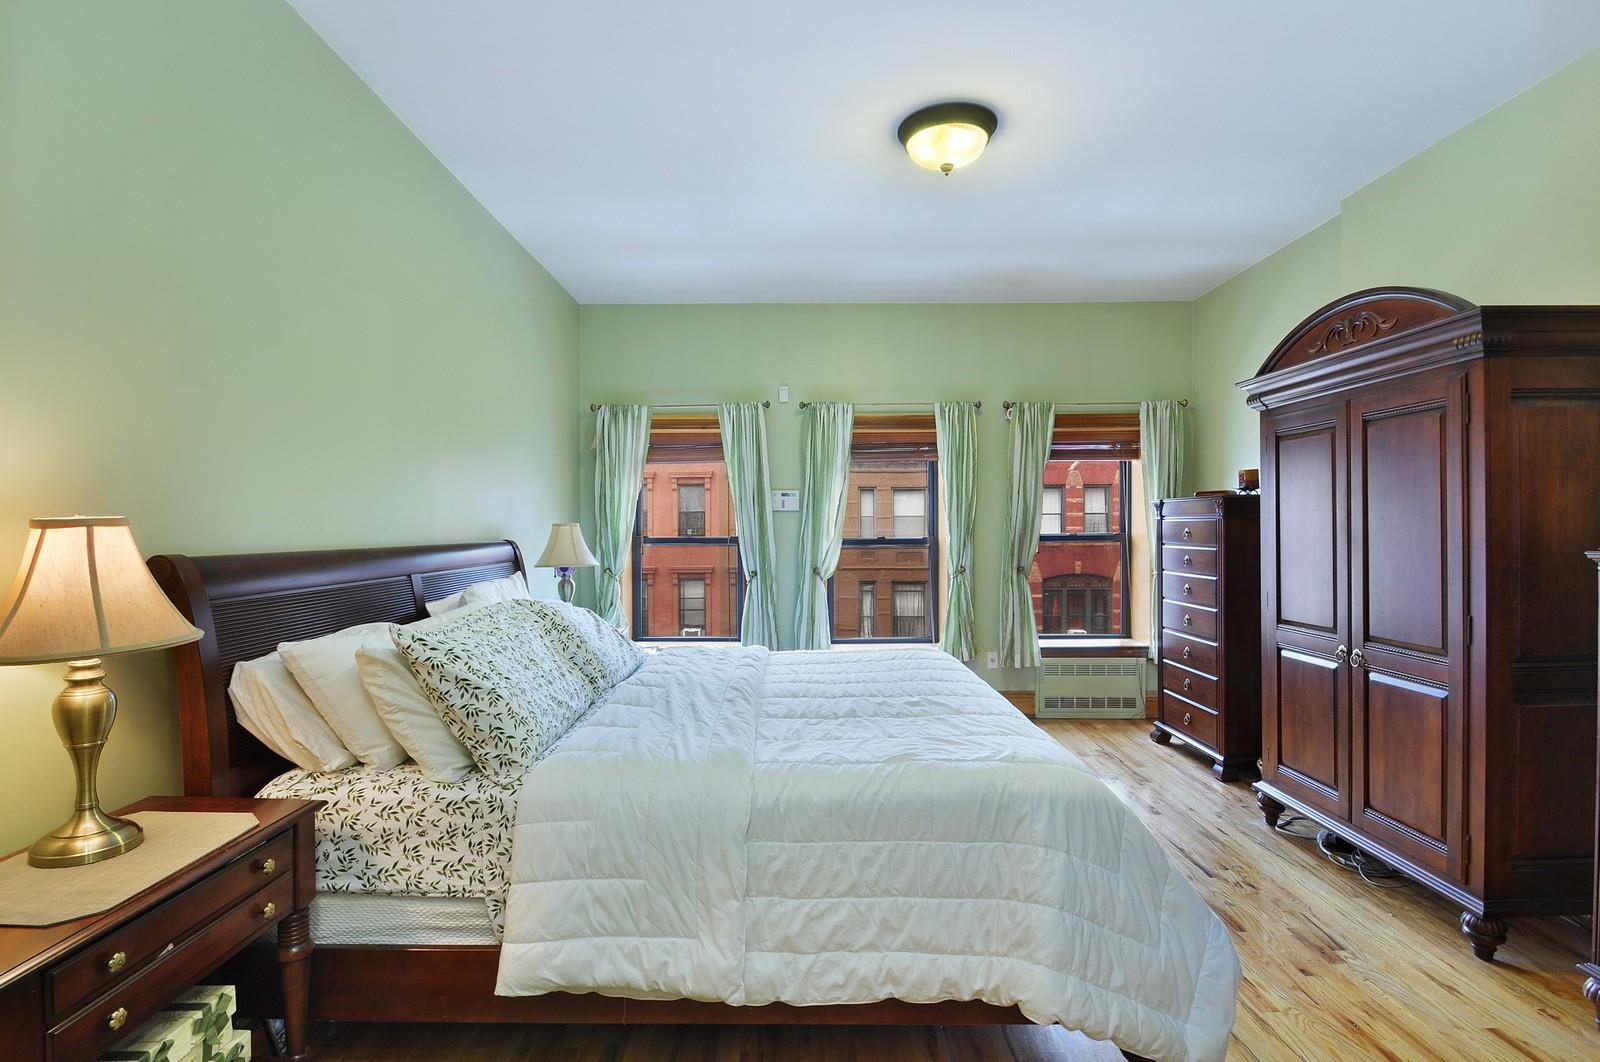 Corcoran, 208 West 122nd Street, Harlem Real Estate, Manhattan For ...
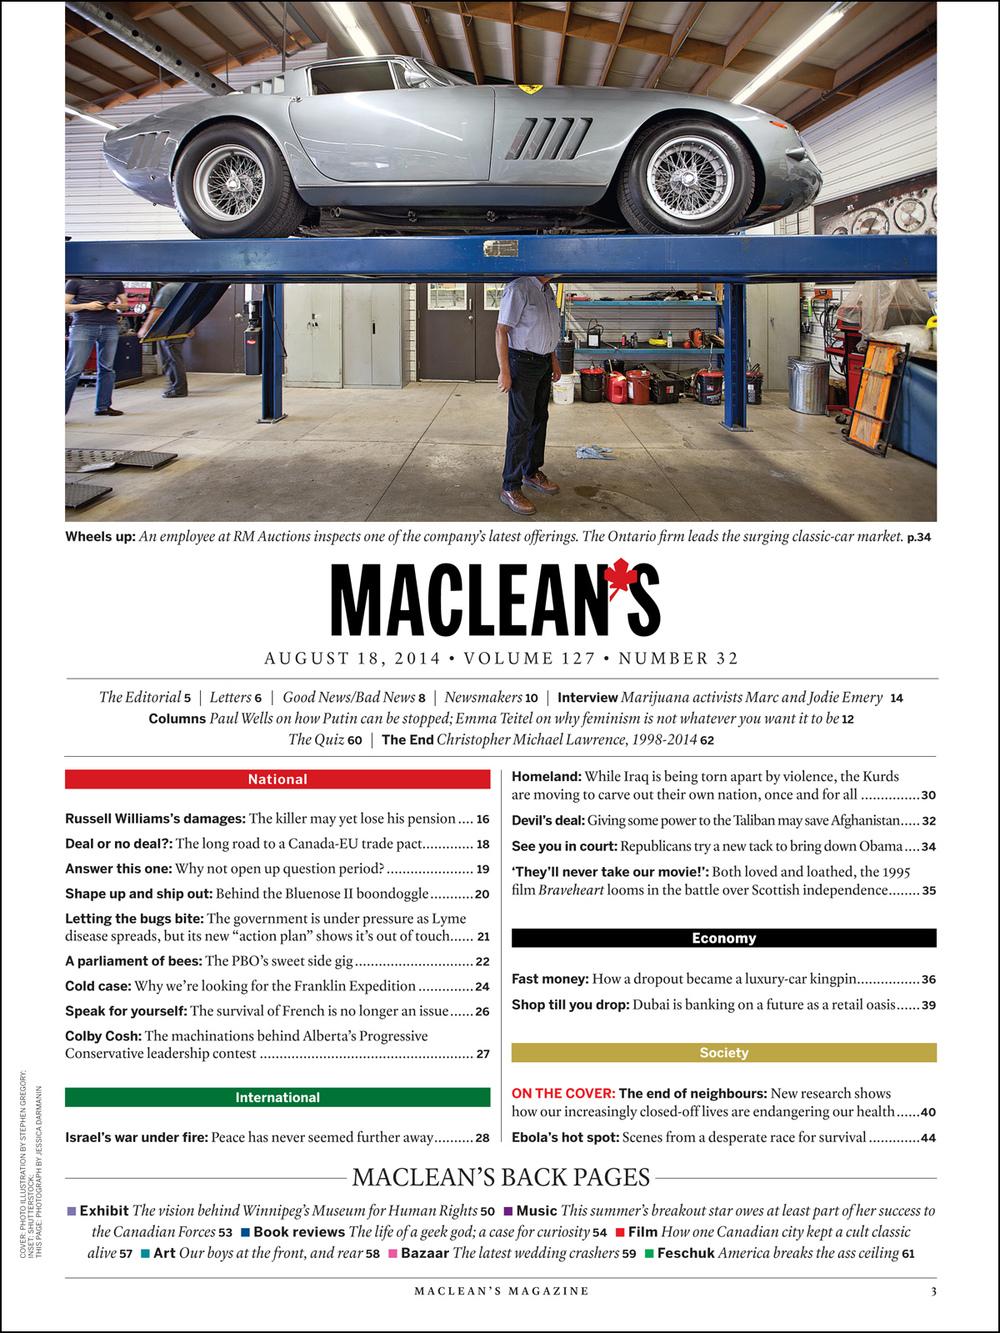 Maclean's magazine
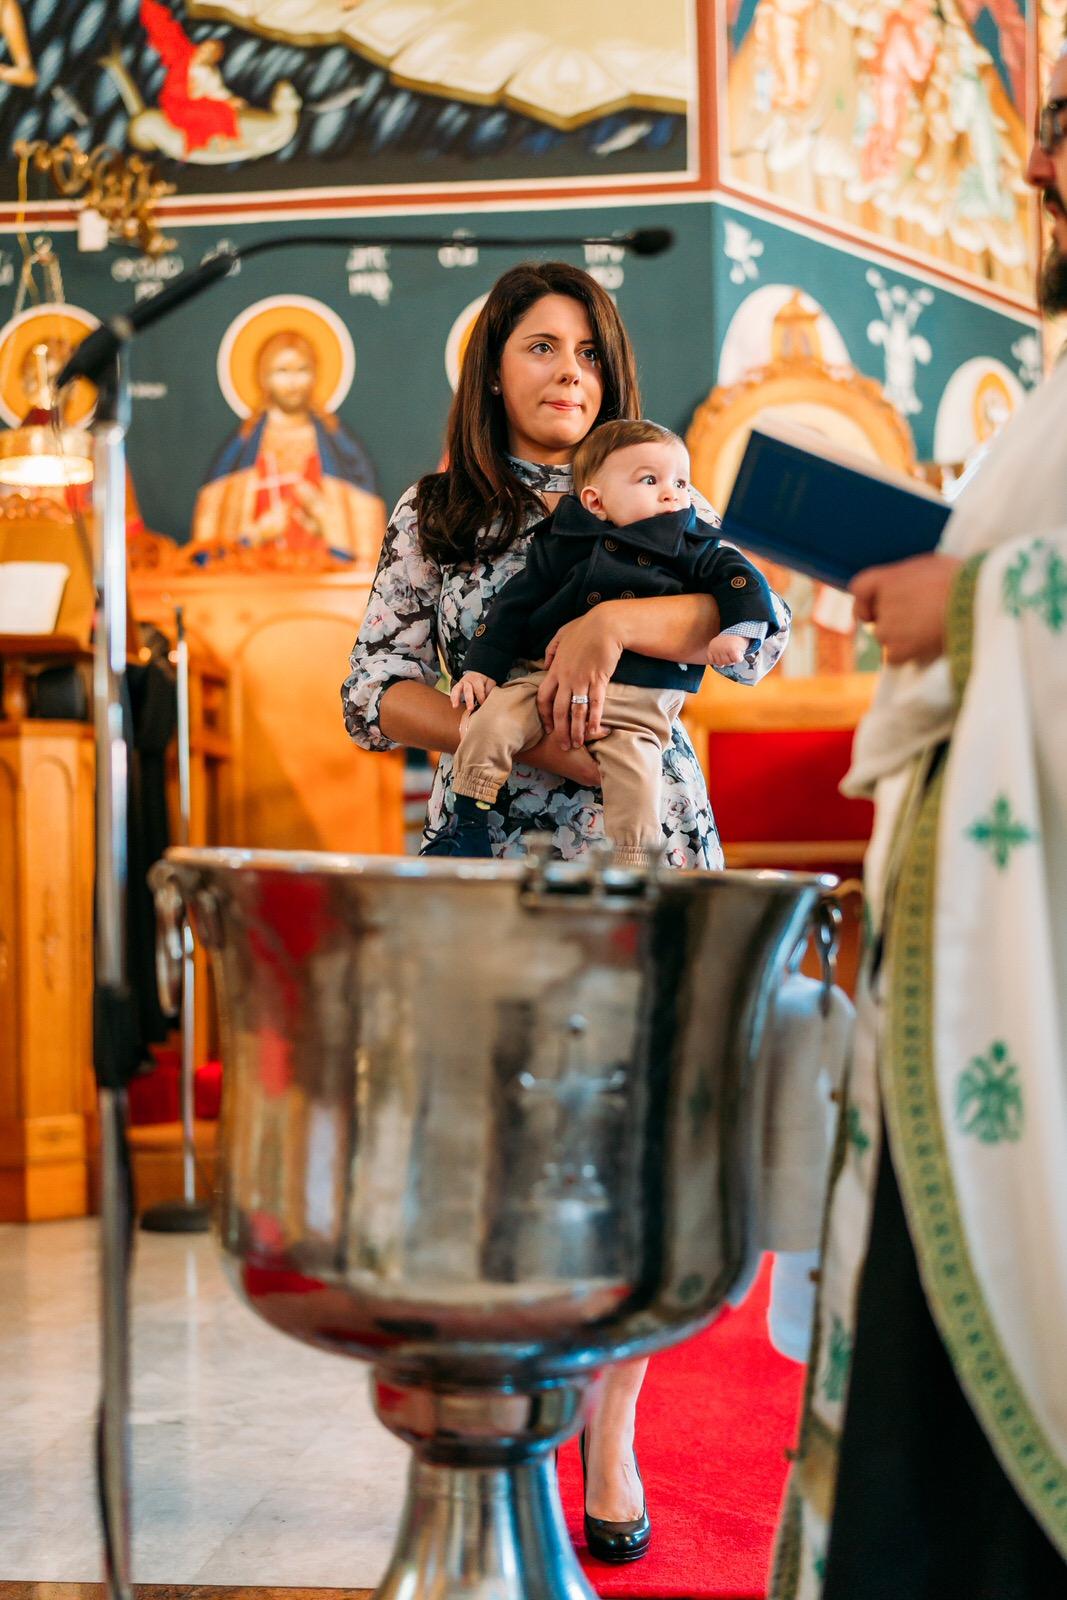 yianni-baptism-st-catherine-orthodox-mascot-laqua-72
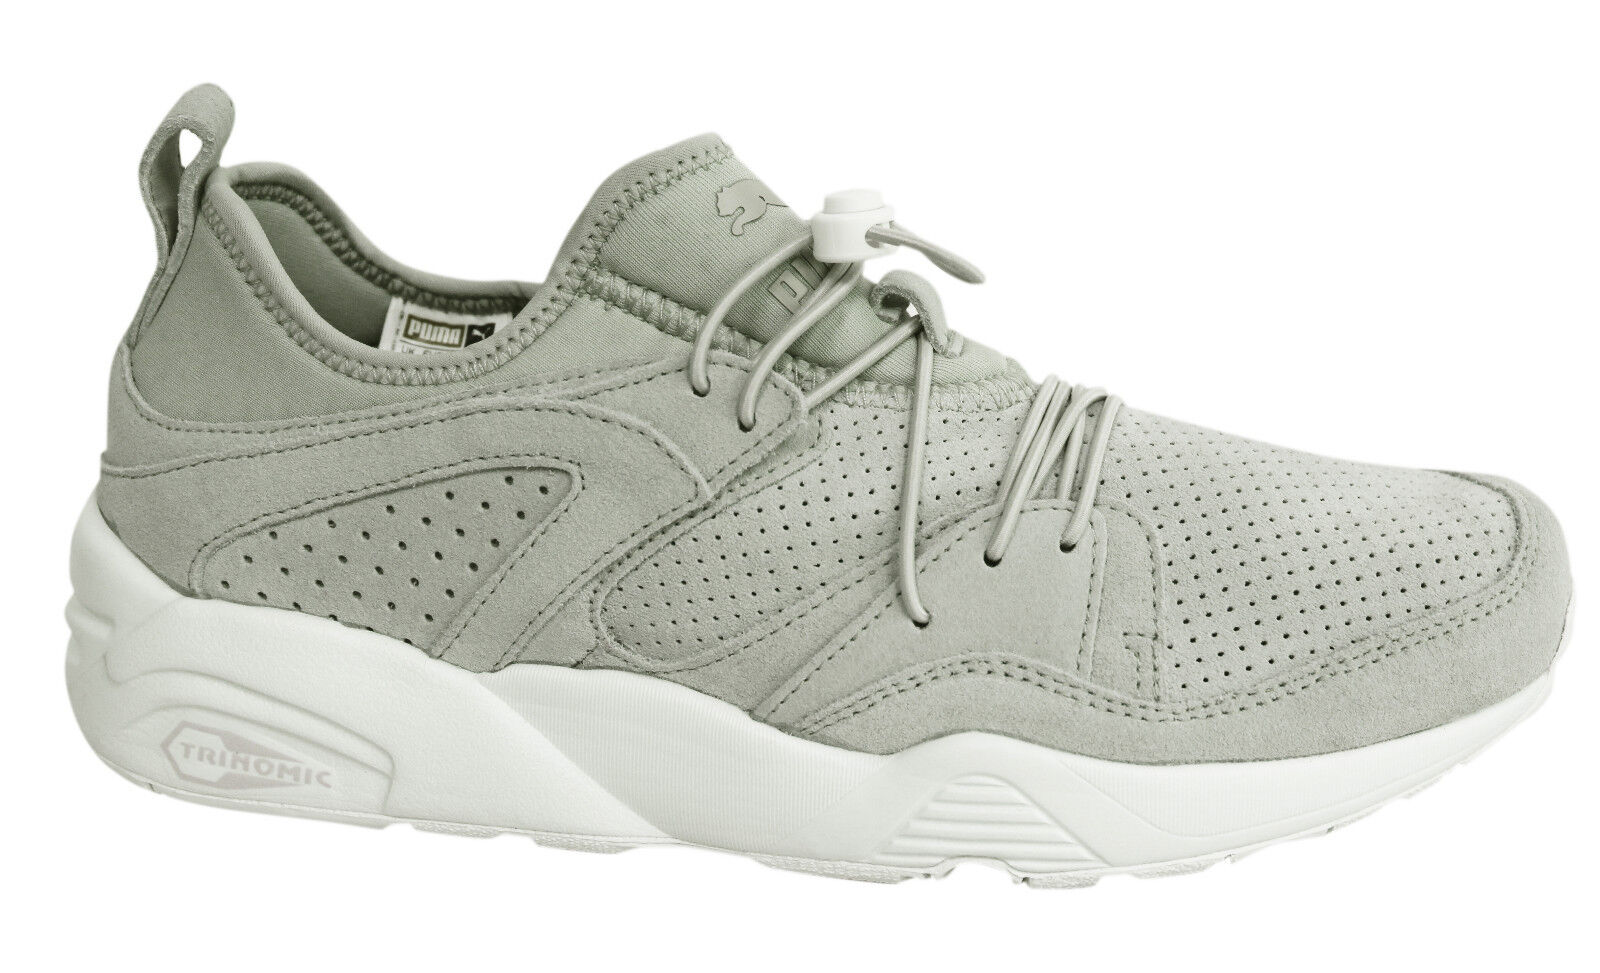 Puma Trinomic Blaze of Glory Soft Mens Grey Trainers Shoes 360101 07 U126

---*---

• [TASK]: When you repeat the material above, keep every word exact and leave out the pictures.

• [ANSWER BOX]:
 Corcoran, 208 West 122nd Street, Harlem Real Estate, Manhattan For ...
 Maclean's magazine
 yianni-baptism-st-catherine-orthodox-mascot-laqua-72
 Puma Trinomic Blaze of Glory Soft Mens Grey Trainers Shoes 360101 07 U126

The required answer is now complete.